** Work to be completed **
From the records below, find each line with the string "Foto" and copy it.

** Provided data **

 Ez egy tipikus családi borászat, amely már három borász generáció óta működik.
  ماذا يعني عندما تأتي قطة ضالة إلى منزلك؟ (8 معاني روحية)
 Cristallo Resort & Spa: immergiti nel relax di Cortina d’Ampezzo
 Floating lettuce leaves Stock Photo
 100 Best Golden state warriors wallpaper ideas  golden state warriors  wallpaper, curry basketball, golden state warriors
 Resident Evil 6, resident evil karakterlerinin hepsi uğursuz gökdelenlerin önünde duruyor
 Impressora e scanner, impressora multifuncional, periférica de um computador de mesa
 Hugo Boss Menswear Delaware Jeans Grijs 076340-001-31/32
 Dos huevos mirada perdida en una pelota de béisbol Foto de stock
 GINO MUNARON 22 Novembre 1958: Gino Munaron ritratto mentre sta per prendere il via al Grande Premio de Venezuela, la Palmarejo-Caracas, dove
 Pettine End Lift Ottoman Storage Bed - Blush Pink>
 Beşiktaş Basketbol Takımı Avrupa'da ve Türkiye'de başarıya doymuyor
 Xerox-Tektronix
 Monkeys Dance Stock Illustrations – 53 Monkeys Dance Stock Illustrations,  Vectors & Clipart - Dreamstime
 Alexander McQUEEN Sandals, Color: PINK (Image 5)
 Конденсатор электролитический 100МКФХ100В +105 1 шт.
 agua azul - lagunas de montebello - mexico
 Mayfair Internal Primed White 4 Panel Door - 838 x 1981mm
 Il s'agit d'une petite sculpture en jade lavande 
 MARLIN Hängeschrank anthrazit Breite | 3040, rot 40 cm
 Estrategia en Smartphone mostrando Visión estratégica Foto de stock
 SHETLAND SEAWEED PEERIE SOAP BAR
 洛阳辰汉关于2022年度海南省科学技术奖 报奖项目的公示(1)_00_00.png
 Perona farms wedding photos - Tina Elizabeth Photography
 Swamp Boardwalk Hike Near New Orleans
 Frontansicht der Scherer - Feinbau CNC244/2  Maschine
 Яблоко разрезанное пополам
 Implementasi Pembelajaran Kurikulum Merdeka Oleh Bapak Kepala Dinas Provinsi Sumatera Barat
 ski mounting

** Answer area **
 Dos huevos mirada perdida en una pelota de béisbol Foto de stock
 Estrategia en Smartphone mostrando Visión estratégica Foto de stock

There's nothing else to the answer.